The proportional hazard assumption was assessed, and all the independent variables satisfied the assumption. The Cox-proportional hazard model was used to assess the relationship between the predictor variables and single and recurrent wheezing episodes. Each variable was tested to see if it was a significant predictor of the occurrence of single and recurrent wheezing using univariate χ2, ANOVA and Cox regression. The univariate Cox-regression analysis was used to estimate the unadjusted HRs. All variables with p<0.25 in the univariate analysis were candidates in the stepwise (backward likelihood ratio) multicovariate Cox regression model. The association of single and recurrent wheezing with ambient exposure to NO2 and PM2.5 was also analysed using Cox-proportional hazards regression models. The adjusted HR was expressed as the effect of a 1 increase in ambient exposure in the child’s residential address. We ran all two-way interactions in the final model and none of them were found to be significant.
Results
Of the 760 live births in the cohort, 520 children attended at least one clinical visit: 442 (85%) at 6 months, 396 (76%) at 12 months, 254 (49%) at 24 months, 153 (29%) at 36 months and 114 (22%) at 48 months. Relocation from the study area (n=171 (21.7%)) was the most common reason for loss to follow-up. There were no demographic differences between those included in this analysis and those excluded (online supplemental table 1). Participants were from low socioeconomic backgrounds (50% had completed high school and a similar percentage with no annual income) with a mean maternal age at recruitment of 26.1 (SD=5.9) years. Of the 520 clinic attendees, 378 (73%) reported no wheezing episodes, 85 (16%) reported a single wheeze and 57 (11%) reported recurrent wheeze. The mean current weight and height of the children in the three groups were similar with 86.9% having a normal BMI and 8.3% being overweight (table 1). There were no meaningful differences between the two wheeze groups when compared with the no-wheeze group.

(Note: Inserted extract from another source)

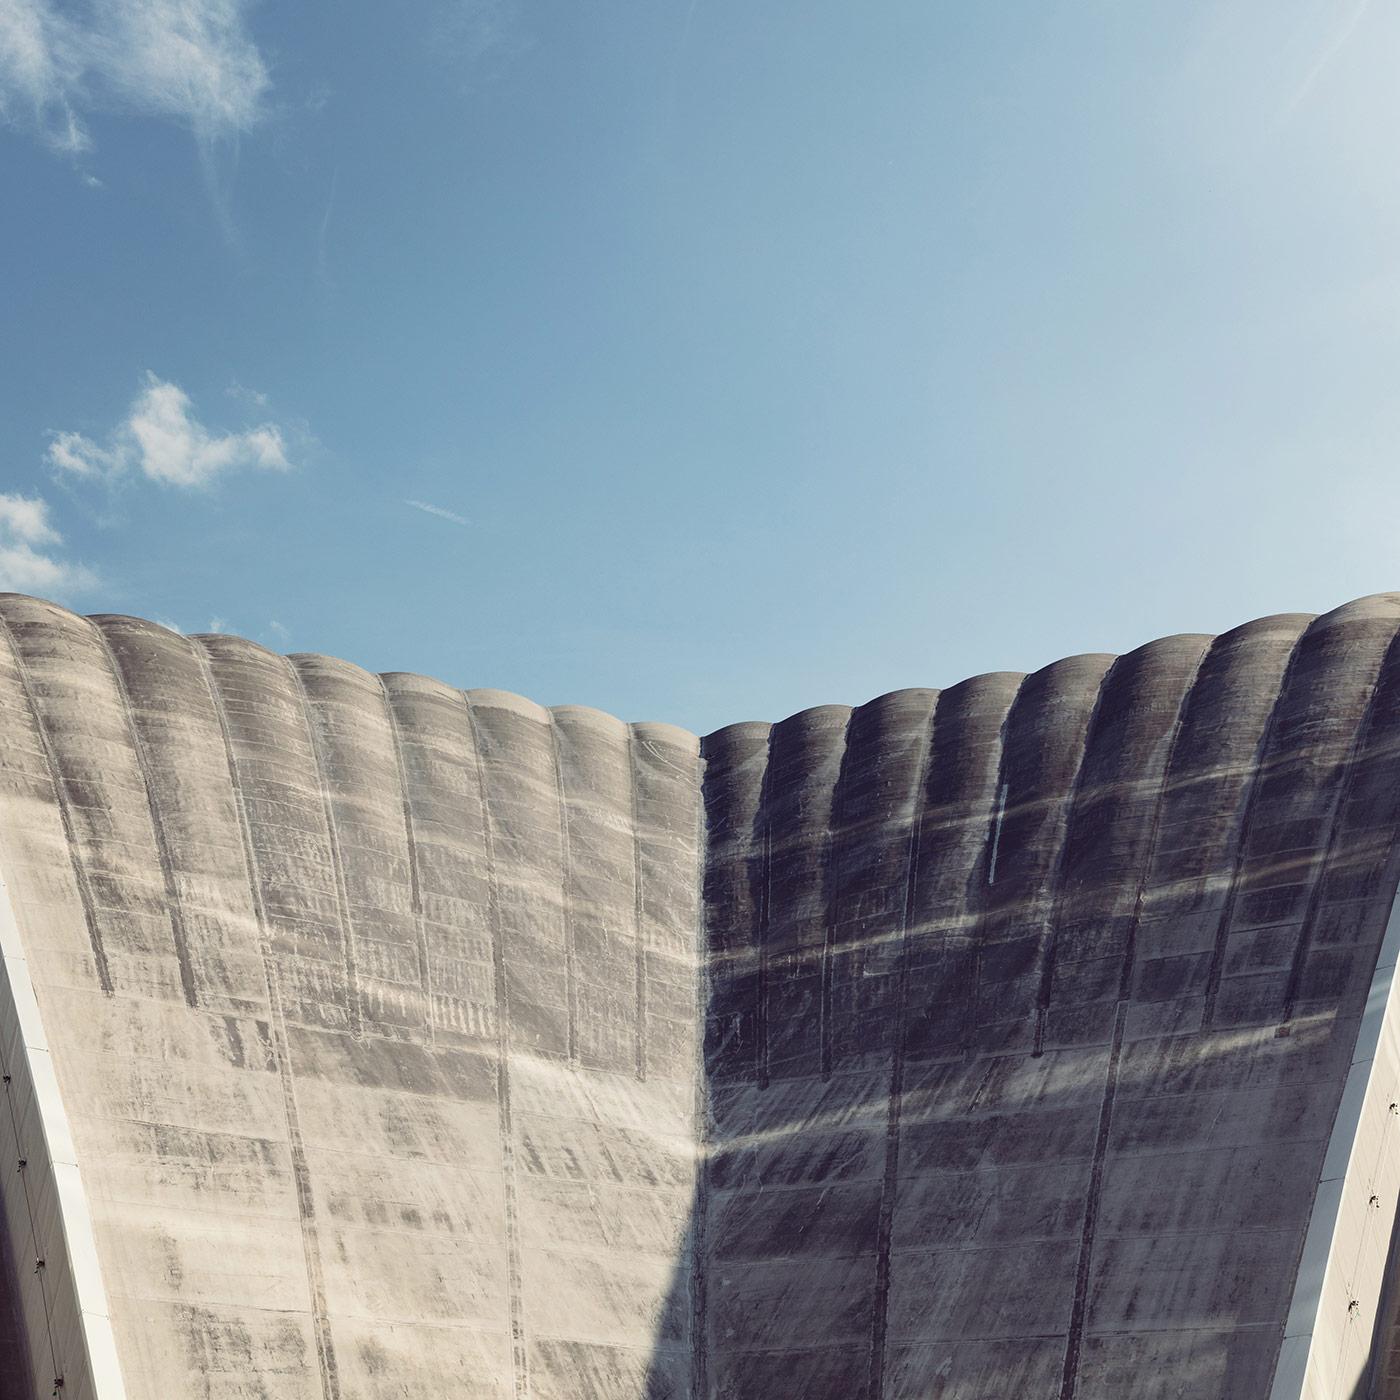 Centre des nouvelles industries et technologies <br />Location: Paris, France <br />Architects: Robert Edouard Camelot, Jean de Mailly and Bernard Zehrfuss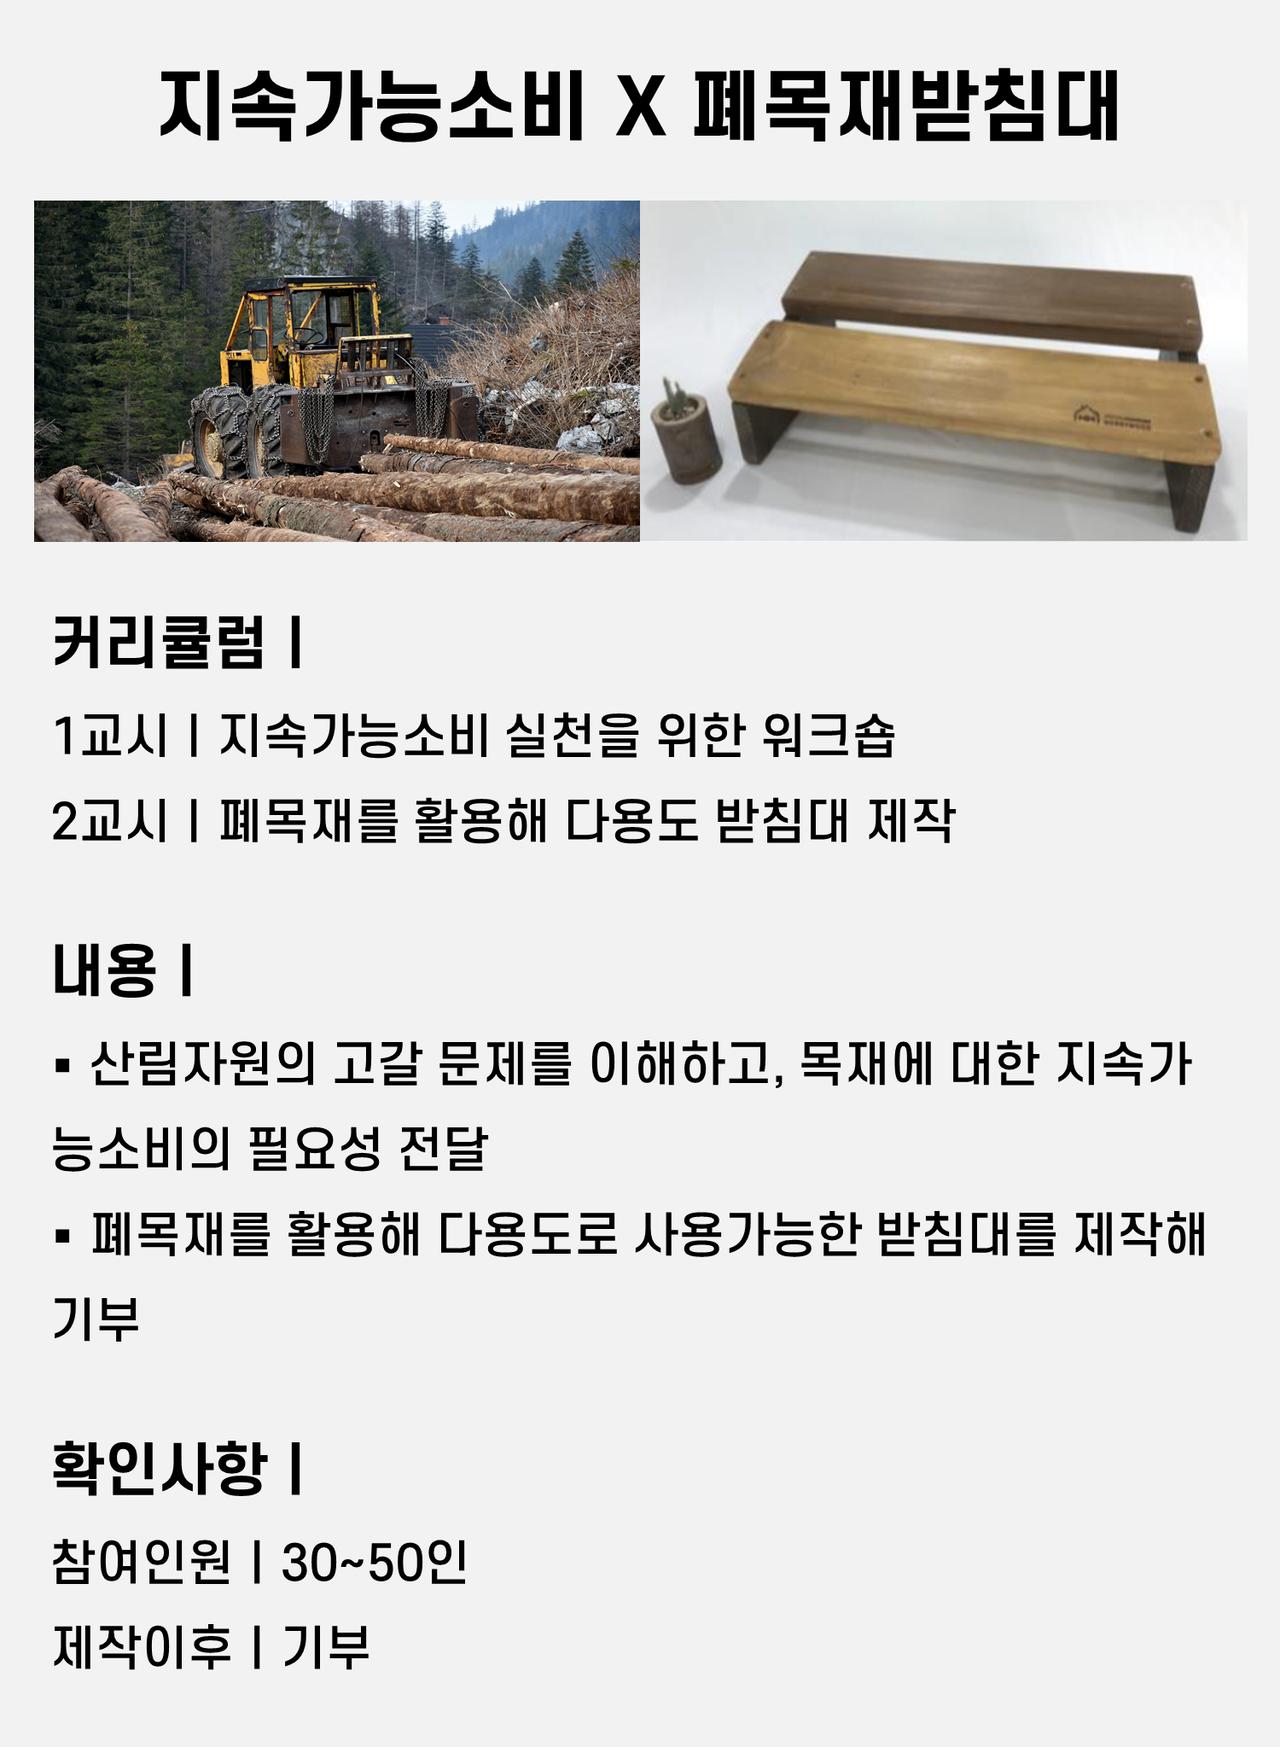 자원순환 산림 환경 지속가능소비 폐목재 업사이클링 업사이클

Among the recurrent wheeze group, a higher proportion of children were exposed to antenatal ETS, maternal obesity and antenatal alcohol consumption when compared with the no wheeze and single wheeze groups. Antenatal maternal alcohol consumption was 3-fold more prevalent among the children with recurrent wheeze when compared with the non-wheezing group while antenatal ETS exposure was almost 1.6-fold higher across these categories (table 2). A family history of asthma was similar among those with a single (20%) and recurrent episodes of wheezing (21%), but higher than those without wheeze (14%). The indoor mould mildew (15%–20%) did not vary across the wheeze categories (table 2).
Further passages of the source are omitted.